DETAILED DESCRIPTION OF THE PREFERRED EMBODIMENTS An embodiment of the present invention will be described below with reference to FIGS. In FIG. 1 showing the basic configuration of an AC adapter according to the present invention, reference numerals 1, 1 'denote primary connectors as power plugs connected to an AC power supply 2,
The AC power applied from the AC power supply 2 via the primary connectors 1 and 1 'is constituted by a main converter for generating a DC output voltage + V and a sub converter for generating DC test voltages + Vt and -Vt. Is converted into a predetermined DC power by the AC-DC conversion unit 3 and the secondary connectors 4, 4 '.
Output in between. Reference numeral 5 denotes a voltage setting unit connected to the AC-DC conversion unit 3. By operating a changeover switch (not shown) provided in the voltage setting unit 5, the voltage setting unit 5 responds to a load-side required voltage described later. Thus, the DC output voltage + V can be appropriately set and changed. AC-D
A DC output voltage + V line between the C converter 3 and the secondary connector 4 is provided as a switch for supplying / cutting off the DC output voltage + V between the secondary connectors 4 and 4 ′.
Of the main relay contacts 6 are inserted and connected.

Reference numeral 7 denotes a test voltage switching relay for selectively supplying a DC test voltage + Vt or a DC test voltage -Vt for polarity determination between the secondary connectors 4, 4 'when the main relay contact 6 is turned off. It is a contact point. The common terminal of the test voltage switching relay contact 7 and the DC output voltage + V
A series circuit of a current limiting resistor 8 and a test current measuring unit 9 for detecting a test current flowing through the resistor 8 line is connected between the lines. 10 is the secondary connector 4, 4
, A load-end voltage measuring unit for detecting a load-side voltage connected to the load current measuring unit, and a load-current measuring unit 11 for detecting a load current. These test-current measuring unit 9, load-end-voltage measuring unit 10, and load-current measuring unit A detection signal from 11 is input to a CPU 12 as a control unit having a built-in input / output interface (not shown). On the other hand, reference numeral 13 denotes a polarity switching relay contact for switching the polarity of the DC output voltage + V from the secondary side connectors 4, 4 'to the load side as an output polarity switching unit. Although not specifically shown in the drawing, the polarity switching relay contact 13
, Together with the main relay contact 6 and the test voltage switching relay contact 7, are operated by a relay drive signal output from the CPU 12. Also, CPU
A display unit 14 such as an LED is connected to 12 so that the polarity on the load side is displayed.

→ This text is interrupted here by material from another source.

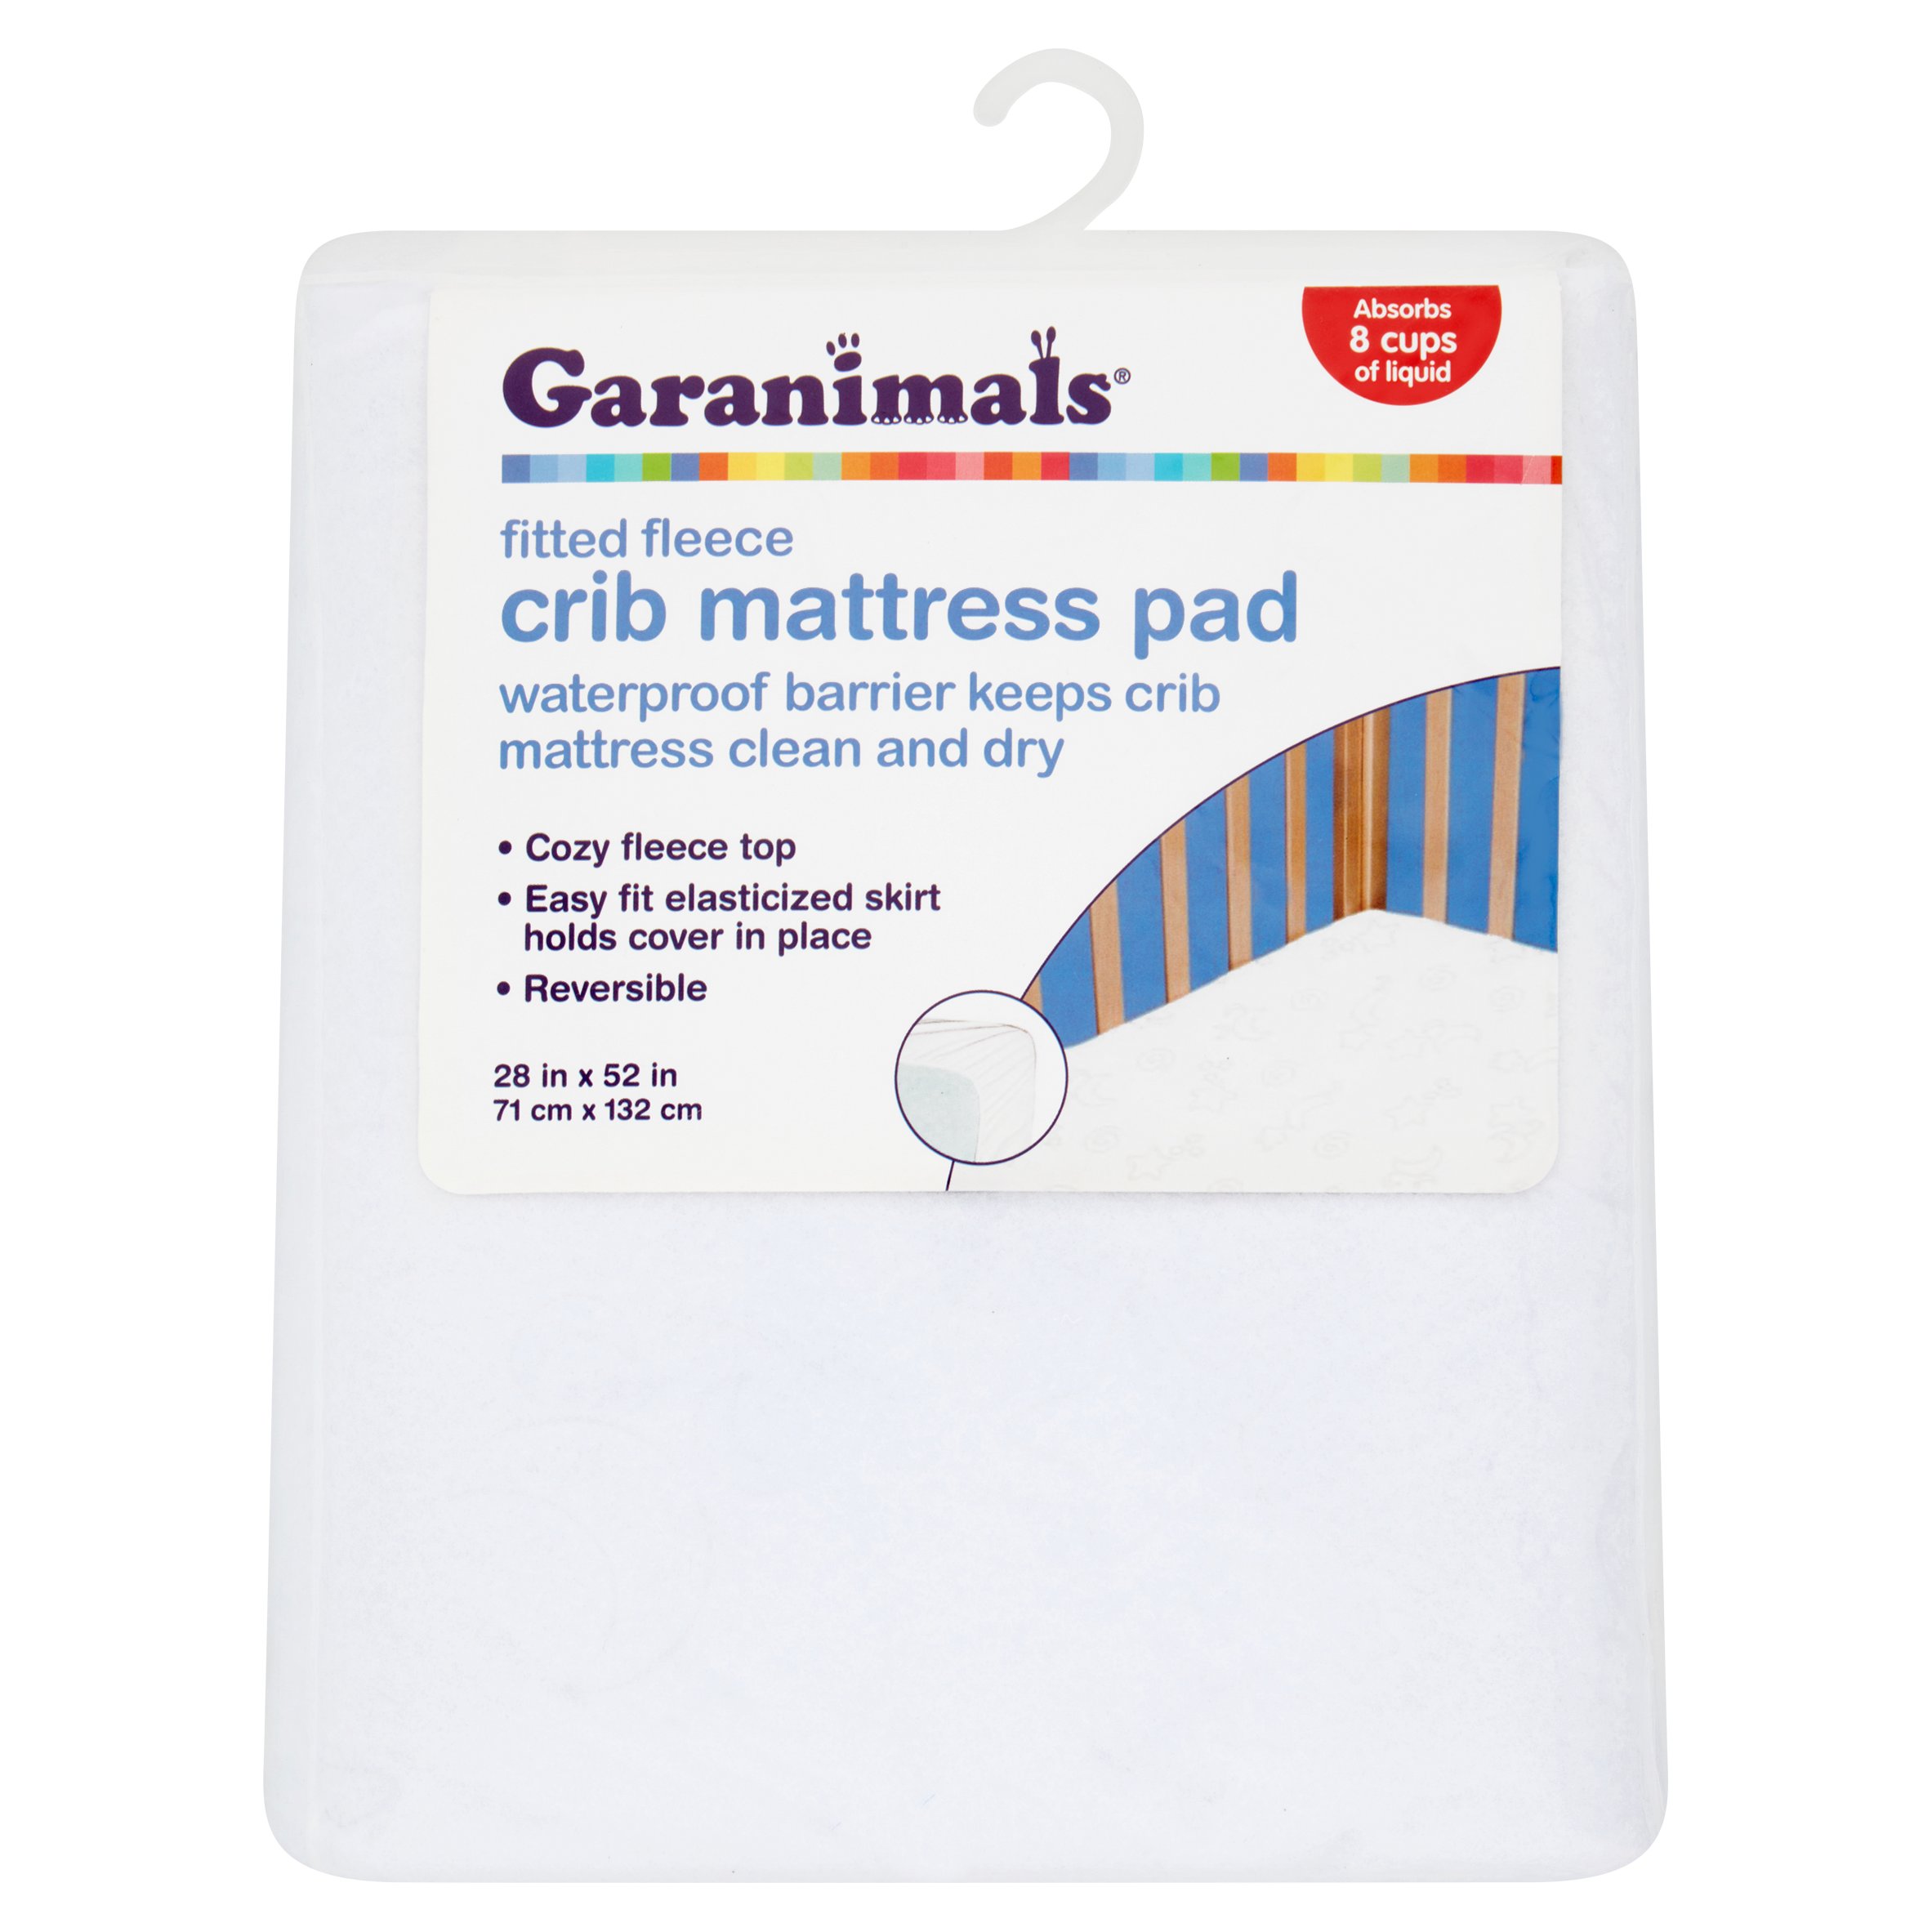 Garanimals Fitted Fleece Crib Mattress Pad - image 1 of 5

According to the present invention, a device body requiring an AC adapter is designed by incorporating a protection circuit as shown in an equivalent circuit of FIG. 2 or 3 in advance in order to protect the device main body from damage due to reverse connection of the power supply. It is based on the knowledge that That is, in the equivalent circuit shown in FIG. 2, a diode 16 for blocking a reverse voltage is inserted and connected to an input voltage line of a load 15 which is a power supply input circuit. On the other hand, the equivalent circuit shown in FIG. 3 has a diode 17 connected in parallel with the load 15 and a fuse 18 inserted and connected to the input voltage line of the load 15. In this case, a current flows through the diode 17 to immediately blow the fuse 18.
The resistance 8 in FIG. 1 is a DC test voltage + V
The fuse 18 is provided to prevent the fuse 18 from being blown when t and -Vt are supplied to the load 15.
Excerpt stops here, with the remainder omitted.